そうはいっても、人間だもの、怒りがこみ上げることは誰だってあるだろう。そんなときには恩師1)の真似をすることにしている。研修医時代の僕は、彼のレクチャーを聞きながら目の前で寝落ちするという、激務と睡眠不足を理由にしても無礼千万としか言えない行動を繰り返したのだが、ただの一度も「怒られた」ことがない。「諭された」ことしかない。
カナダ人の師は、ミスをした相手に対してもWhyで始まる質問で追い込まないことを教えてくれた。なぜで始まる疑問文は、疑問の形をとってはいるが、明らかに相手を責めている。
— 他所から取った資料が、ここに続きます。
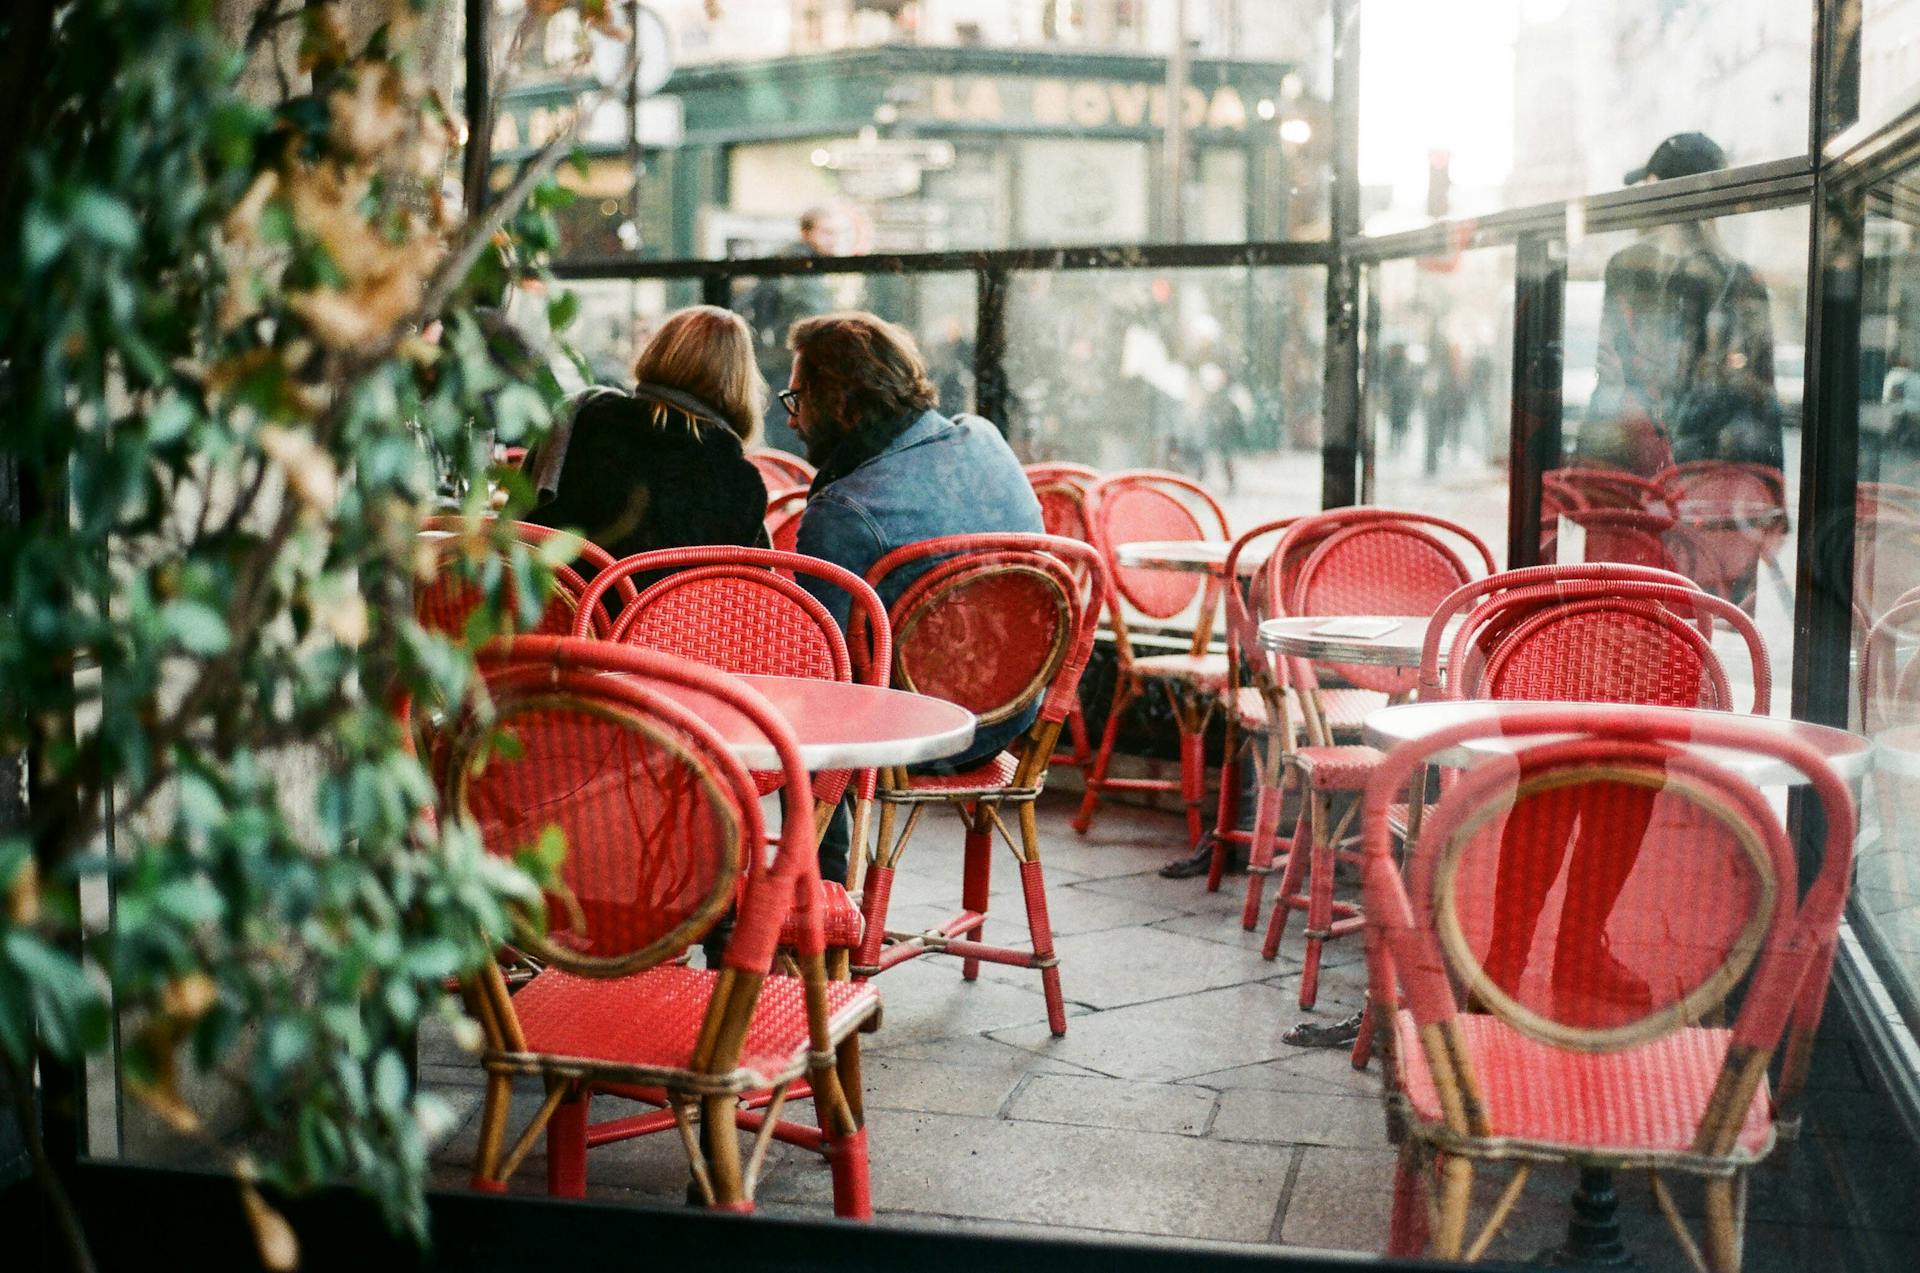 A man and woman in a cafe | Source: Pexels

「なぜ○○の検査をしなかったのか?」「なぜこんな処置をしたんだ?」責めたところで起きたことはどうにもならないというのに、僕たちはしばしばこういった言い方をしてしまう。師はWhyの代わりにHow…(…はどうだろうねえ)、あるいはI would…(僕だったらこうするけど…)と語りかける。それがとても心に沁みるのだった。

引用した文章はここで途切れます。